Stored data:
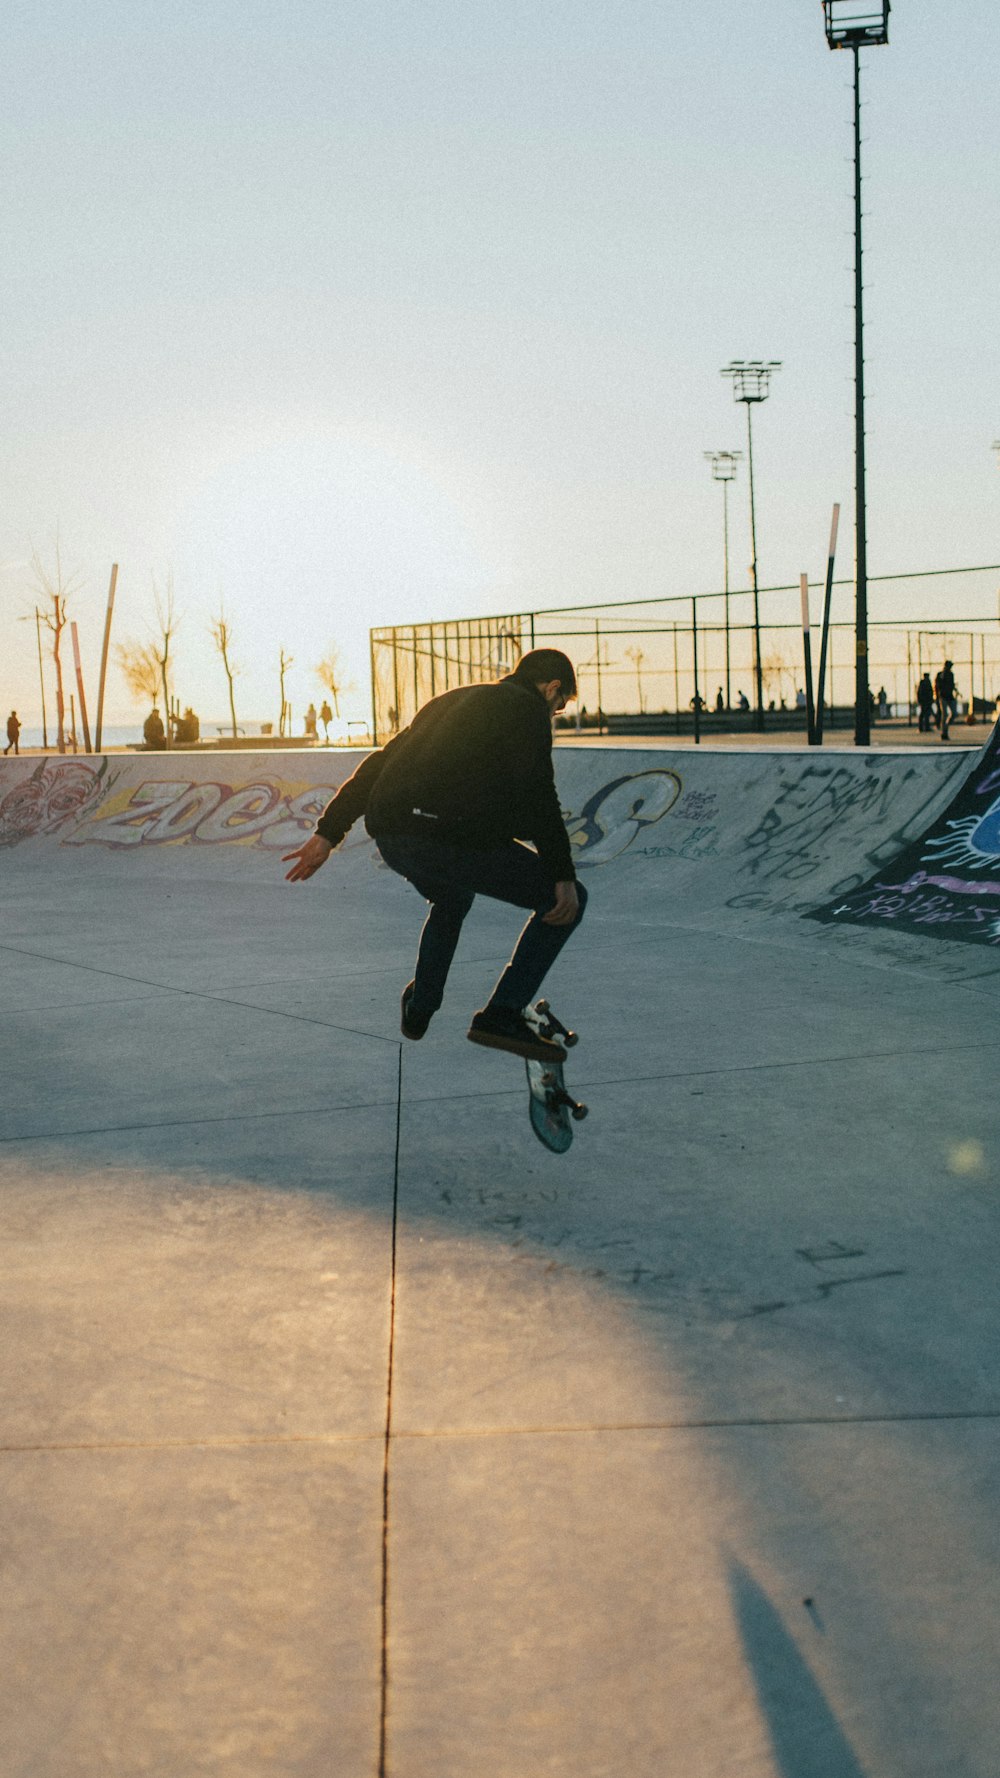 man in black jacket riding on black skateboard during daytime
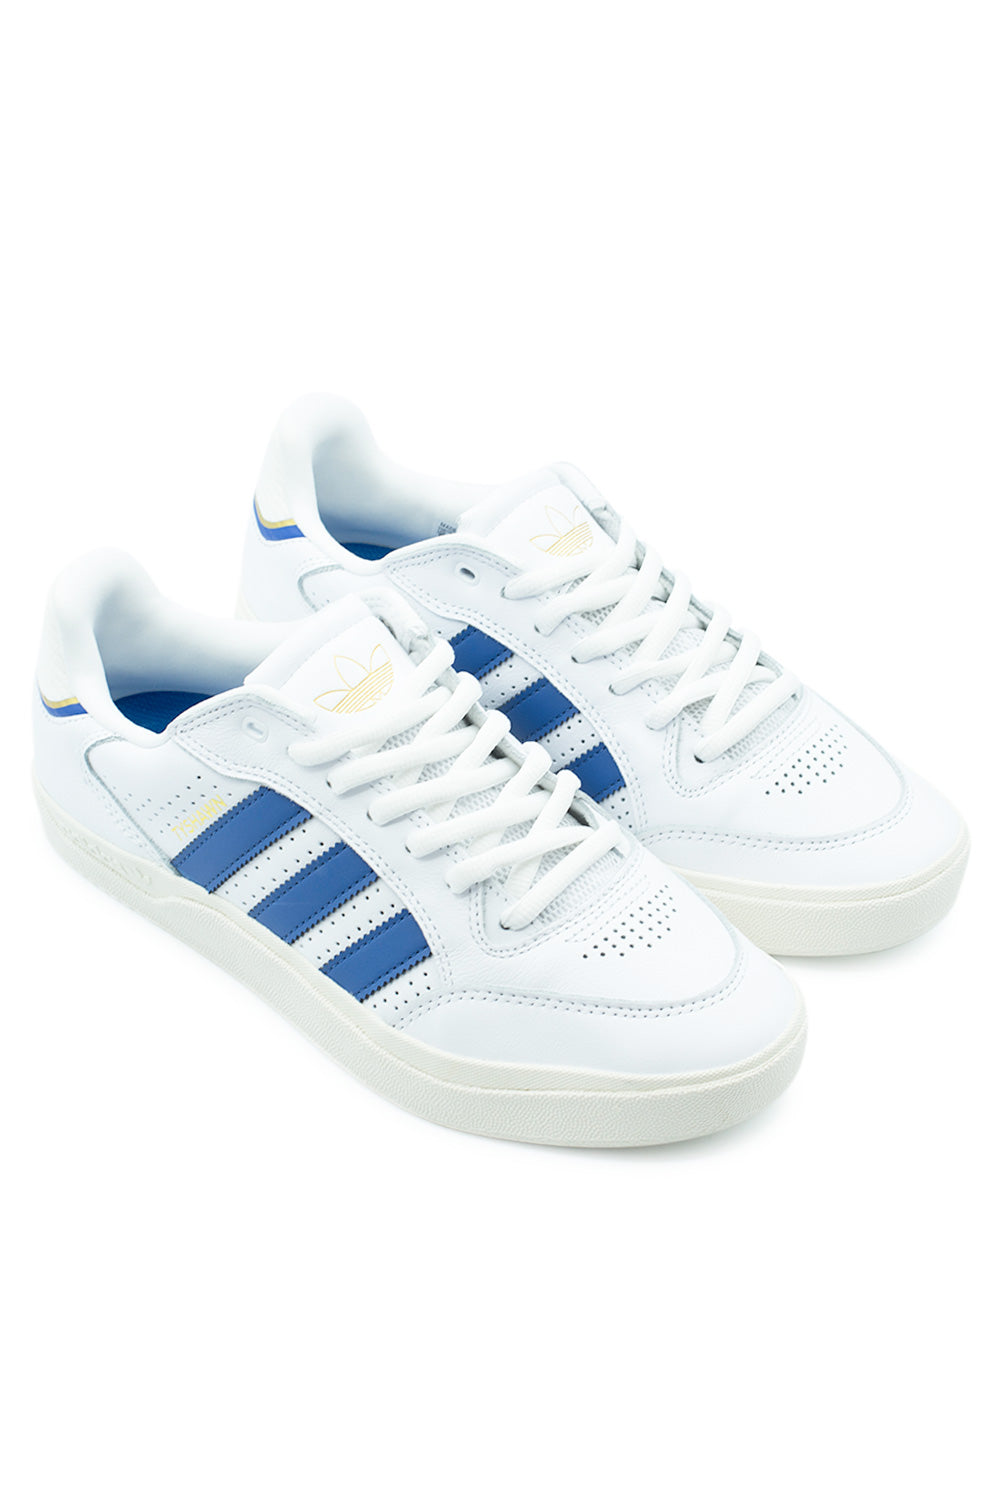 Adidas Tyshawn Low Shoe Cloud White / Royal Blue / Chalk White - BONKERS
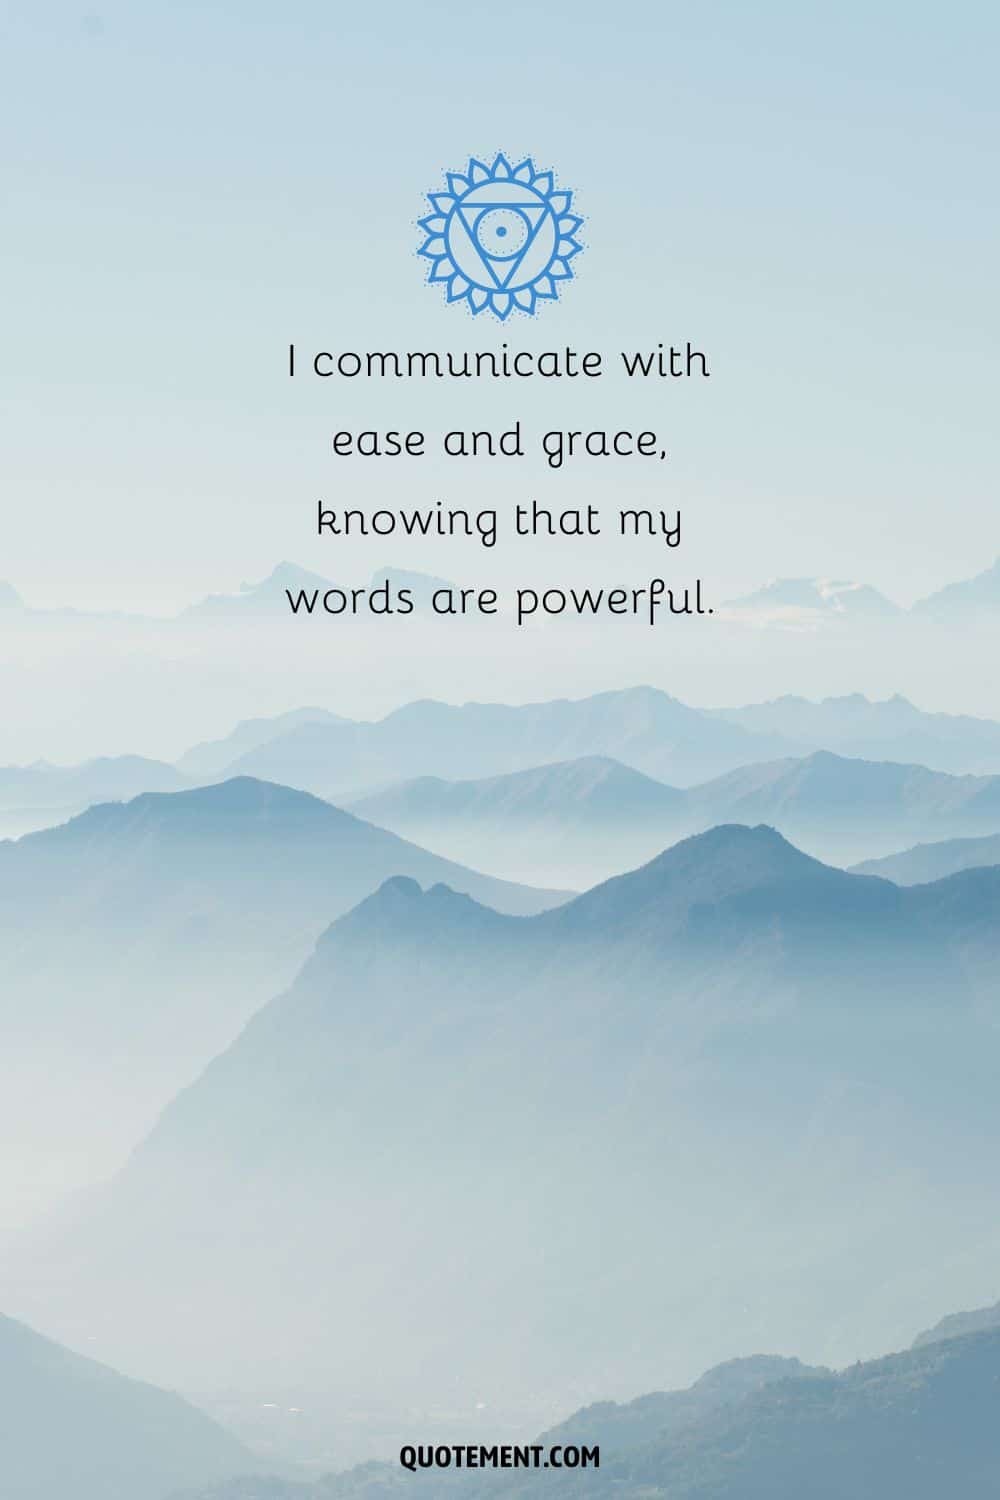 "Me comunico con facilidad y gracia, sabiendo que mis palabras son poderosas".
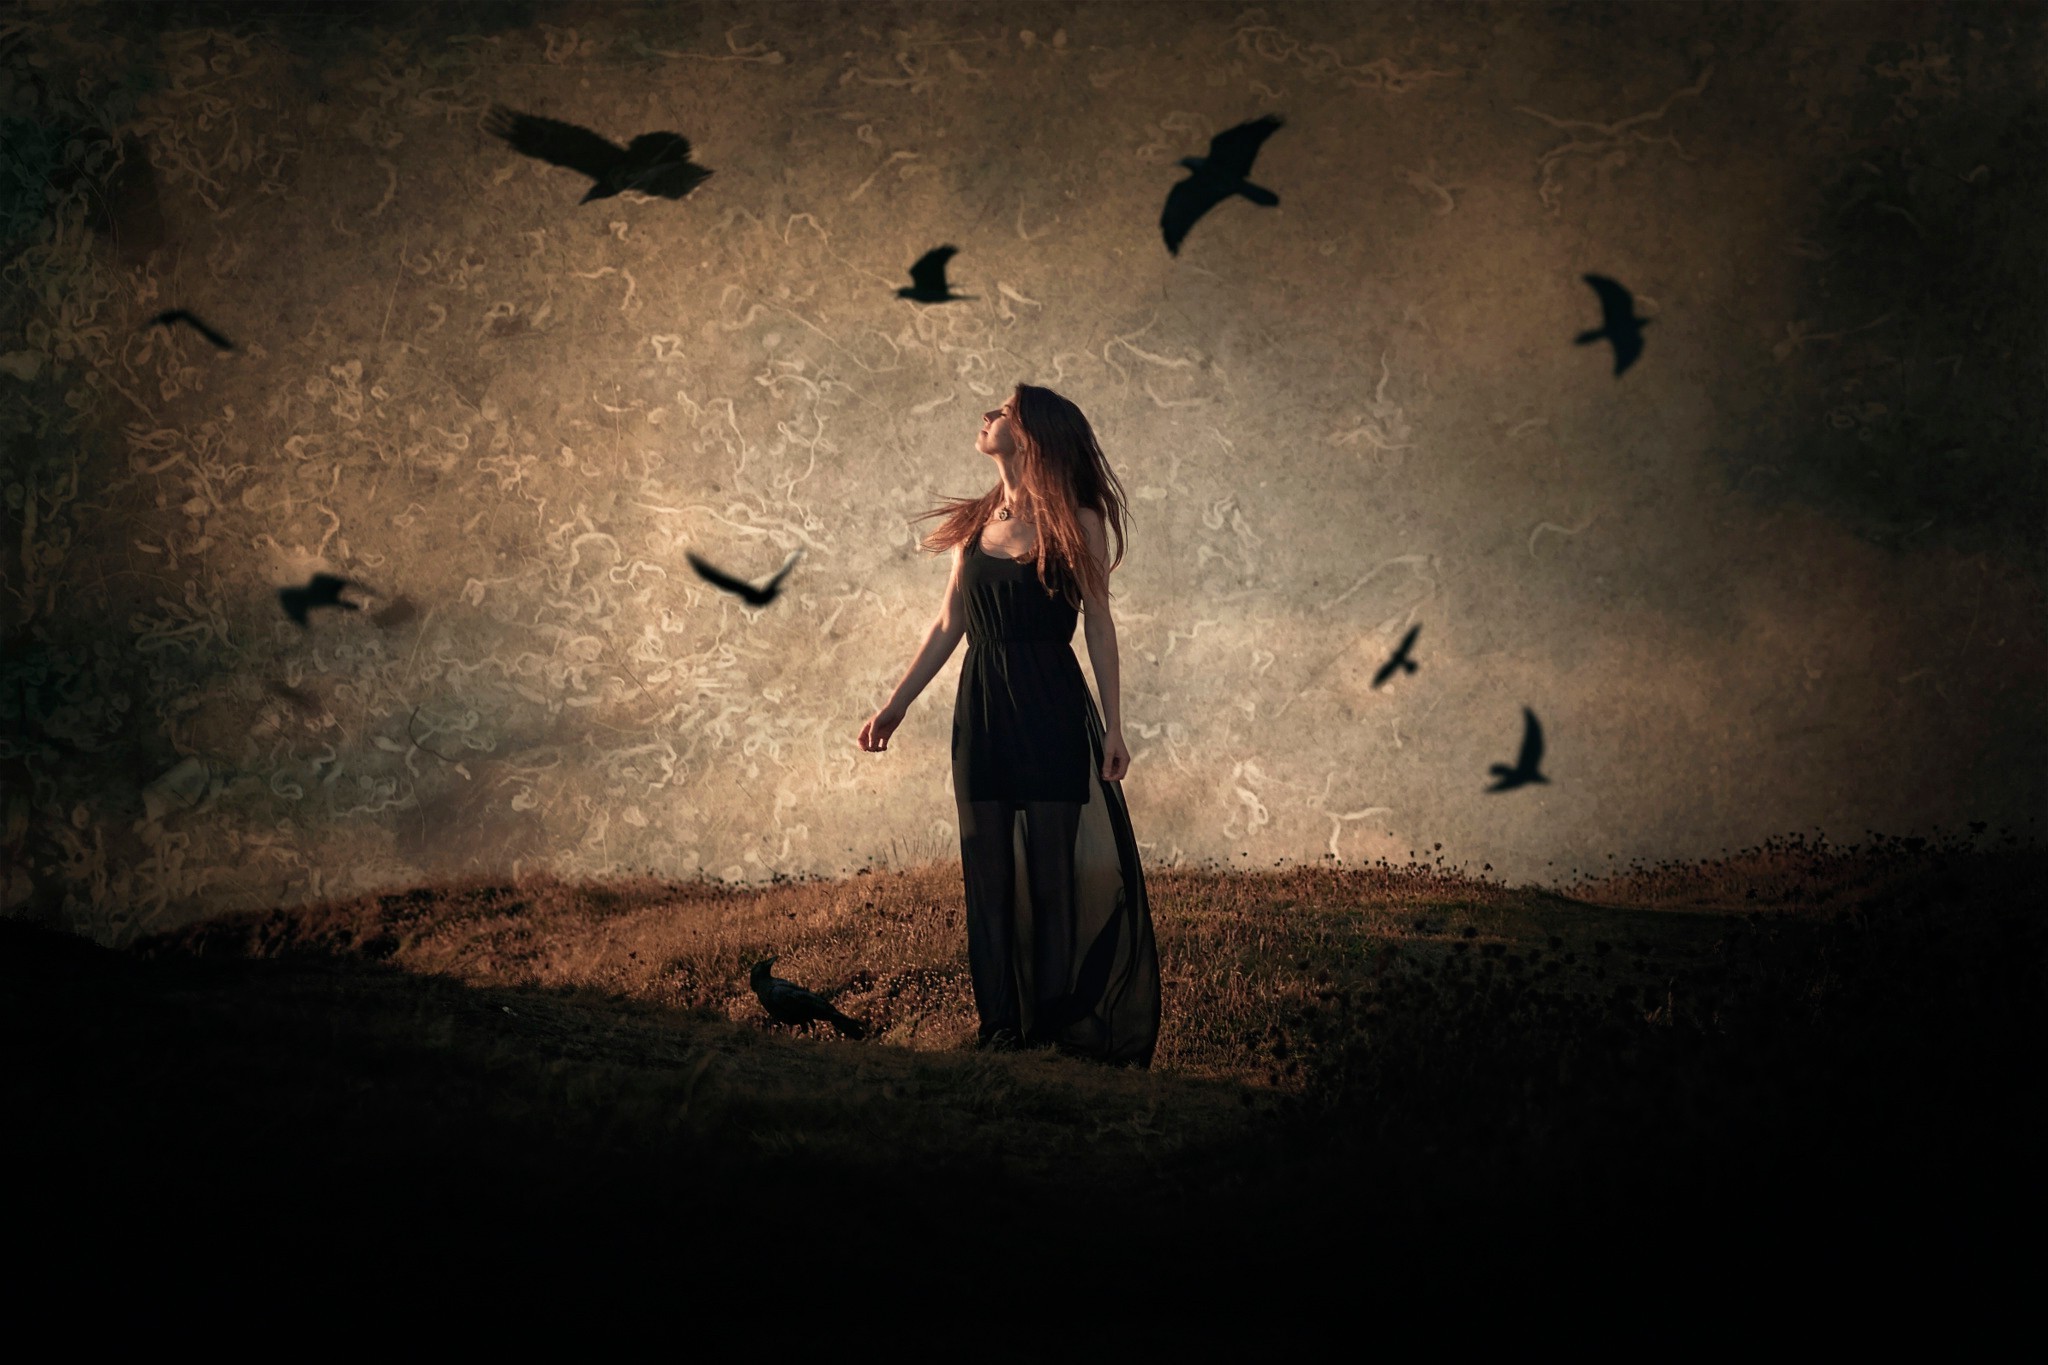 免费照片乌鸦在一个穿黑裙子的女孩上空盘旋。
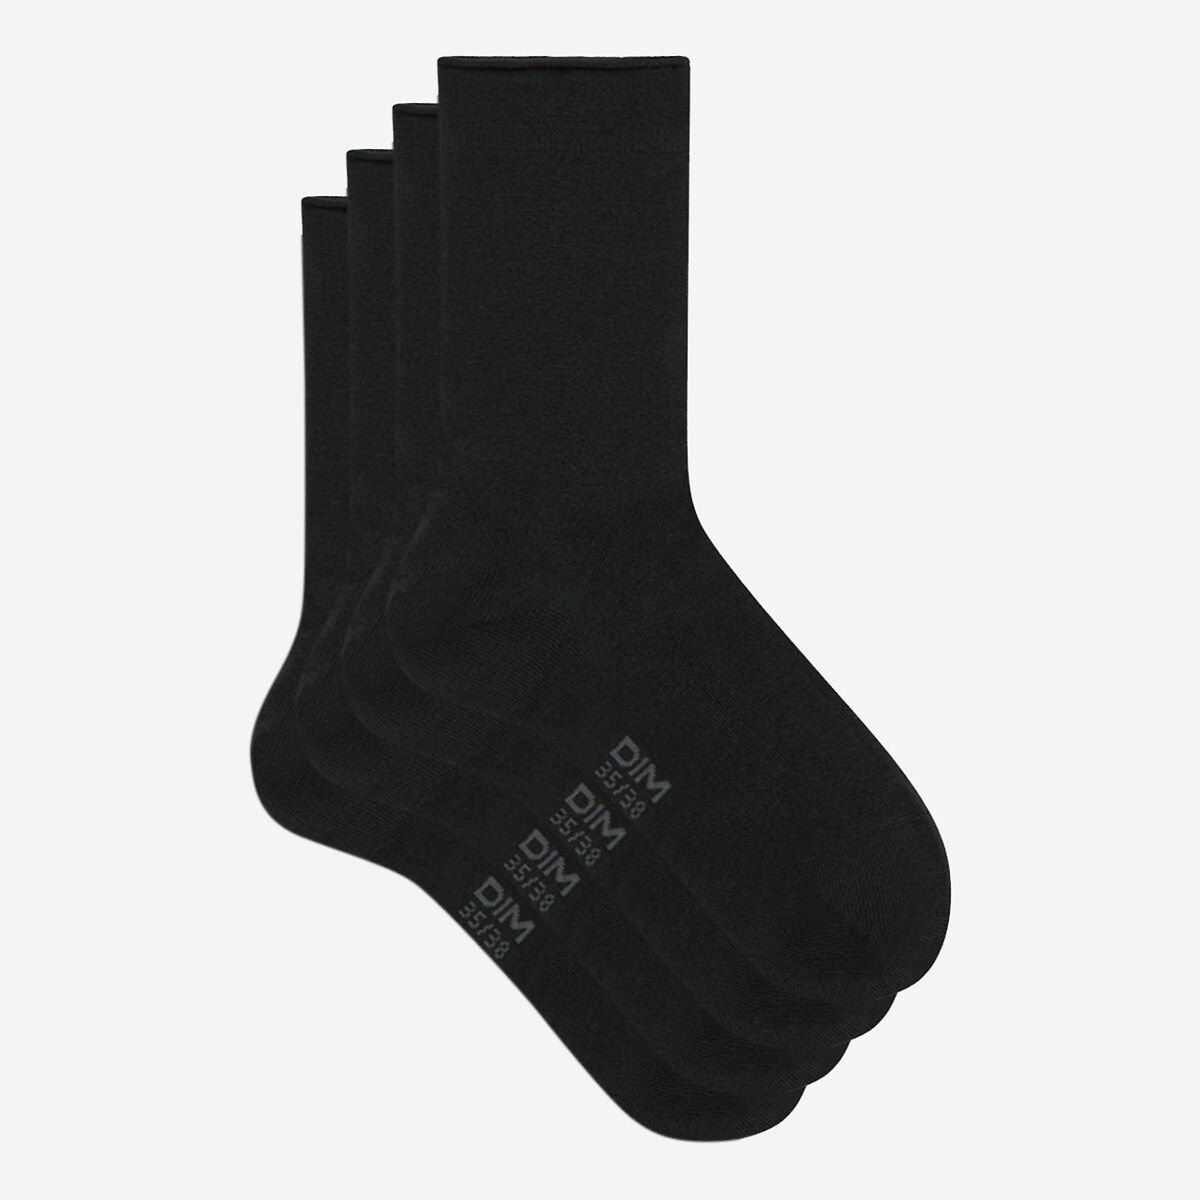 Σετ 2 ζευγάρια κάλτσες από μοντάλ

* [Work to be completed]:
Write out exactly the lines from the line holding "免费照片乌鸦在一个穿黑裙子的女孩上空盘旋。" through the last line of the records above, inclusive, and nothing more. Leave out the pictures.

* [Response]:
 免费照片乌鸦在一个穿黑裙子的女孩上空盘旋。
 Σετ 2 ζευγάρια κάλτσες από μοντάλ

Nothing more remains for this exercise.